174 PW of solar radiation ( insolation ) is constantly entering the upper layers of the Earth’s atmosphere ^[1] . About 6% of insolation is reflected from the atmosphere , 16% is absorbed by it. The middle layers of the atmosphere, depending on weather conditions (clouds, dust, atmospheric pollution) reflect up to 20% of insolation and absorb 3%.

The atmosphere not only reduces the amount of solar energy reaching the Earth’s surface, but also diffuses about 20% of what is coming in and filters out part of its spectrum. After passing through the atmosphere, about half of the insolation is in the visible part of the spectrum . The second half is mainly in the infrared part of the spectrum. Only an insignificant part of this insolation is accounted for by ultraviolet radiation ^{[2] [3]} .

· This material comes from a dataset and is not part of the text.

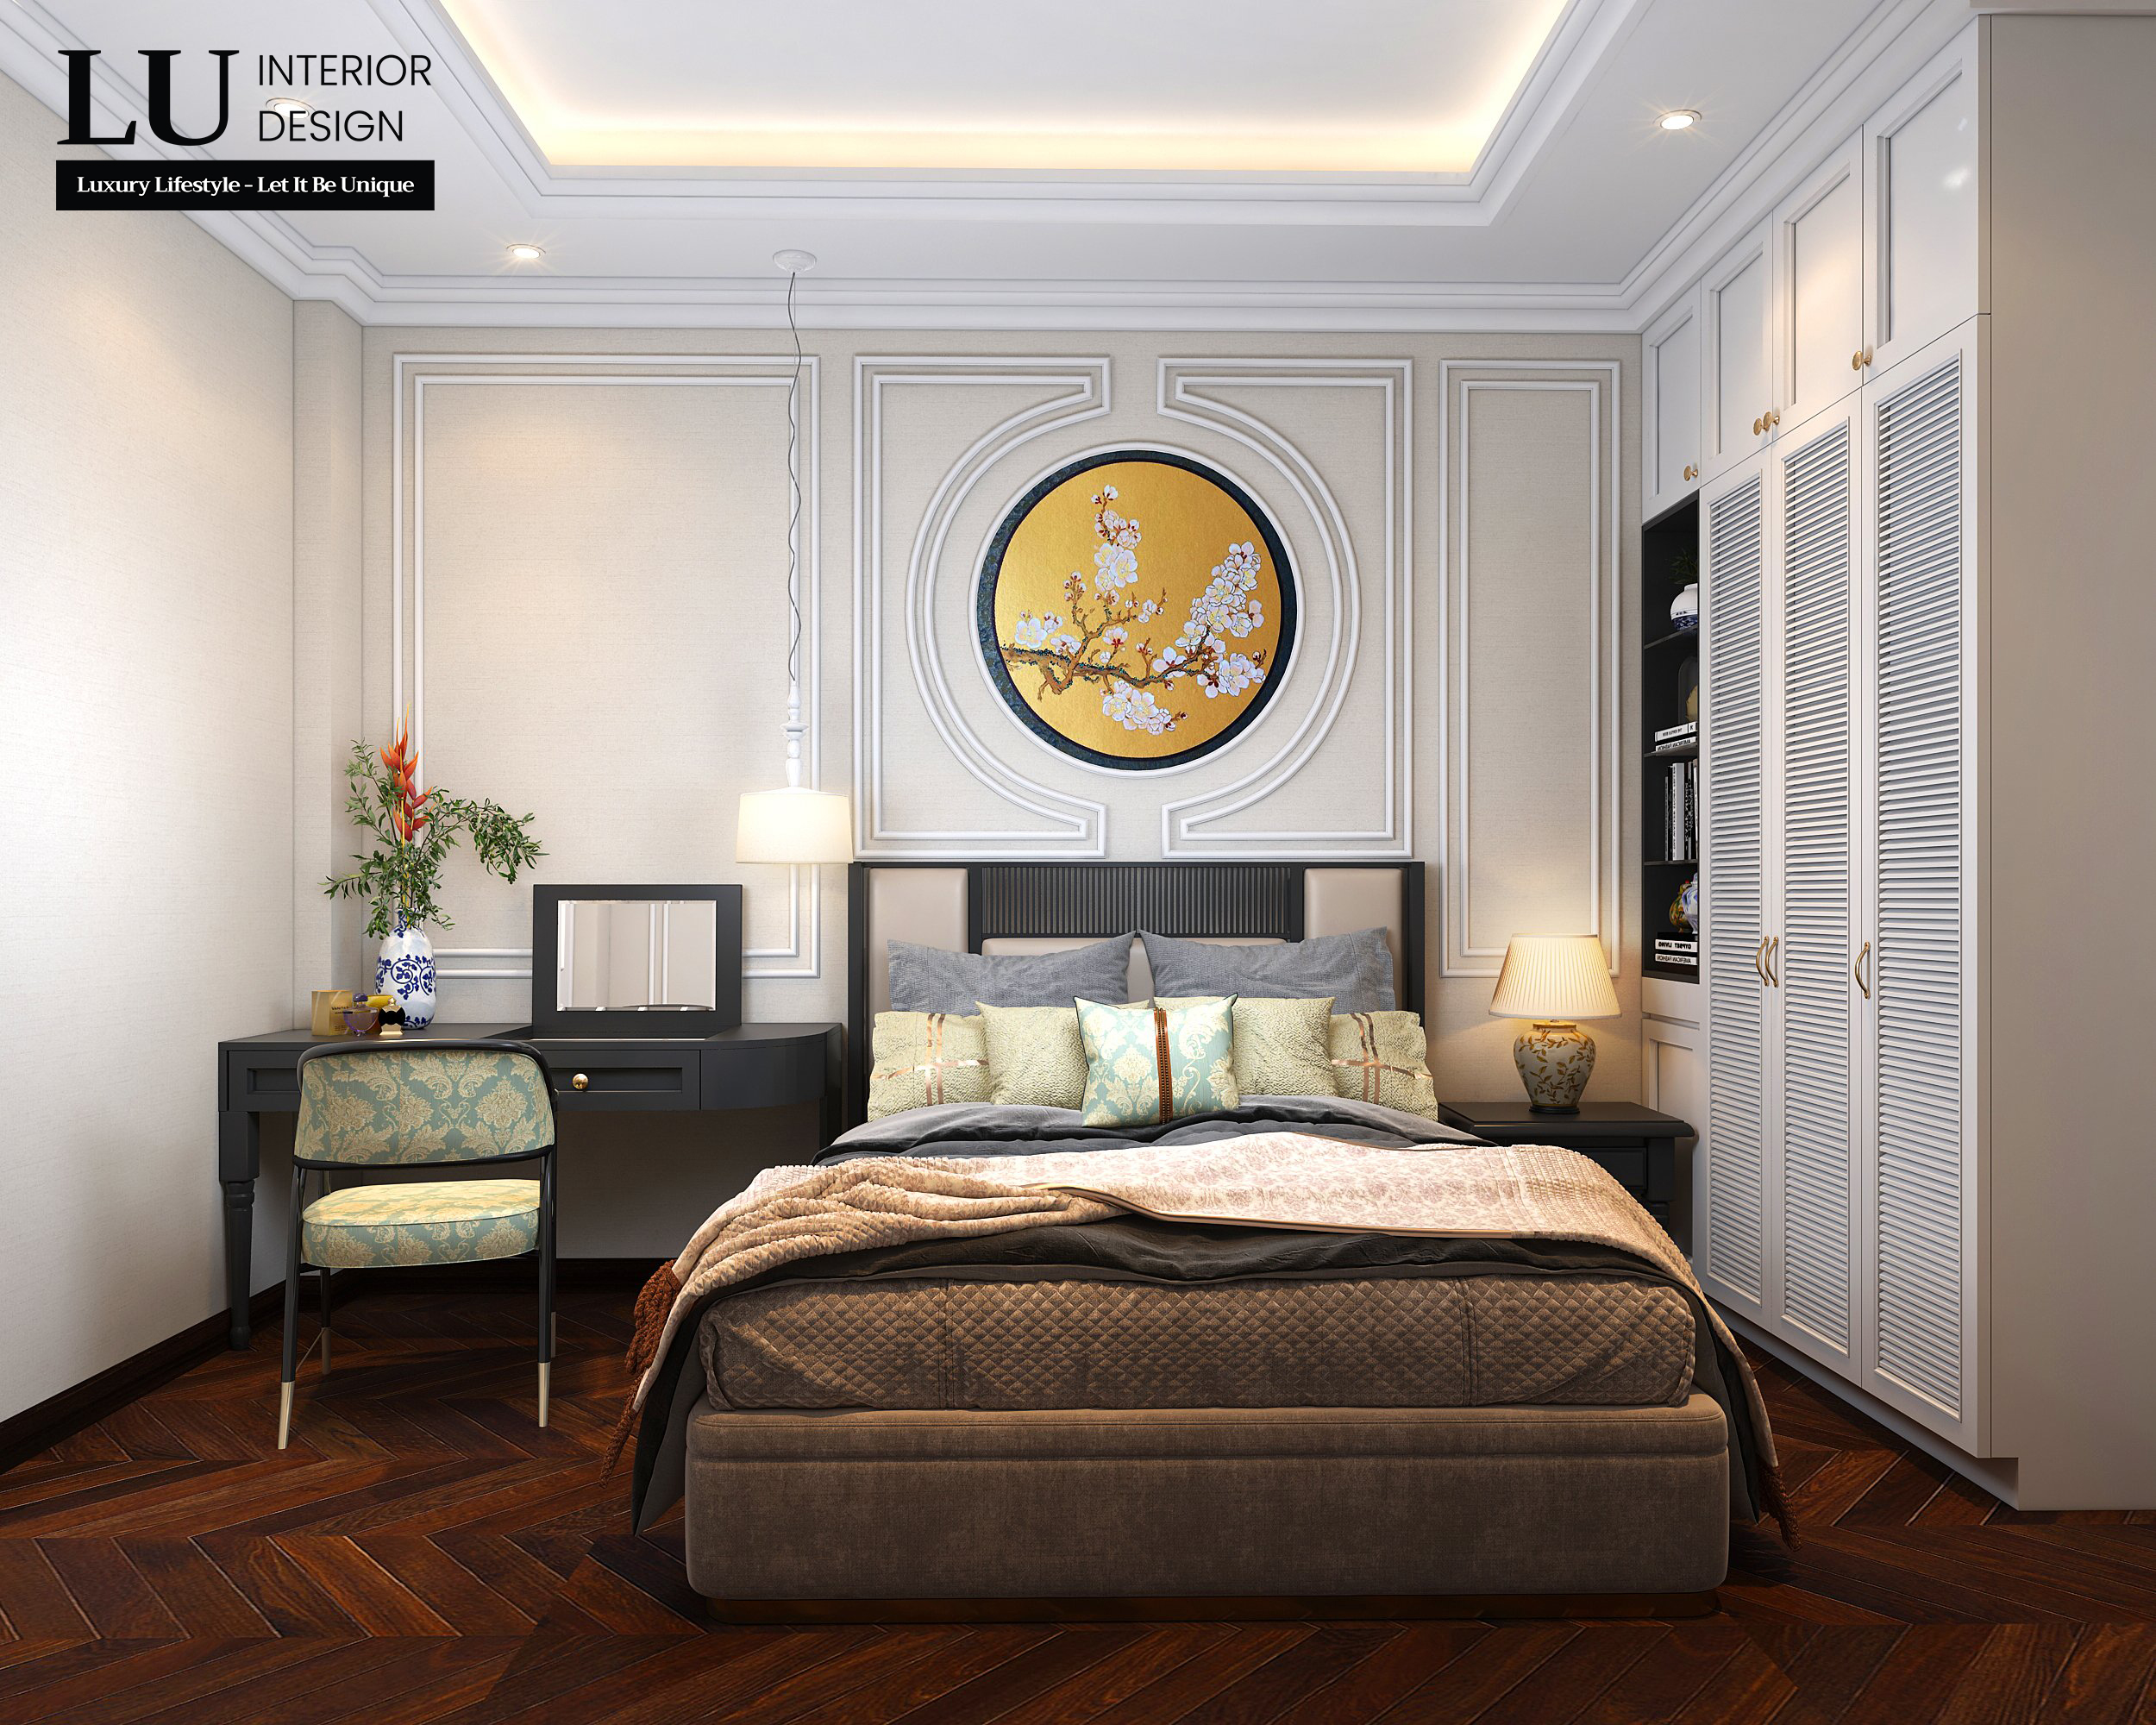 Các khung vòm hình tròn - nét đặc trưng của Indochine được ứng dụng trong các chi tiết trang trí nội thất cho phòng ngủ. Ảnh: LU Design

Solar radiation is absorbed by the surface of the land, oceans (covering about 71% of the surface of the globe) and the atmosphere. The absorption of solar energy through atmospheric convection , evaporation and condensation of water vapor is the driving force of the water cycle and controls the winds. Sun rays absorbed by the ocean and land maintains the average temperature on the Earth's surface, which is now 14 ° C ^[4] . Thanks to plant photosynthesis , solar energy can be converted into chemical energy, which is stored in the form of food, wood and biomass, which ultimately turns into fossil fuels ^[5] .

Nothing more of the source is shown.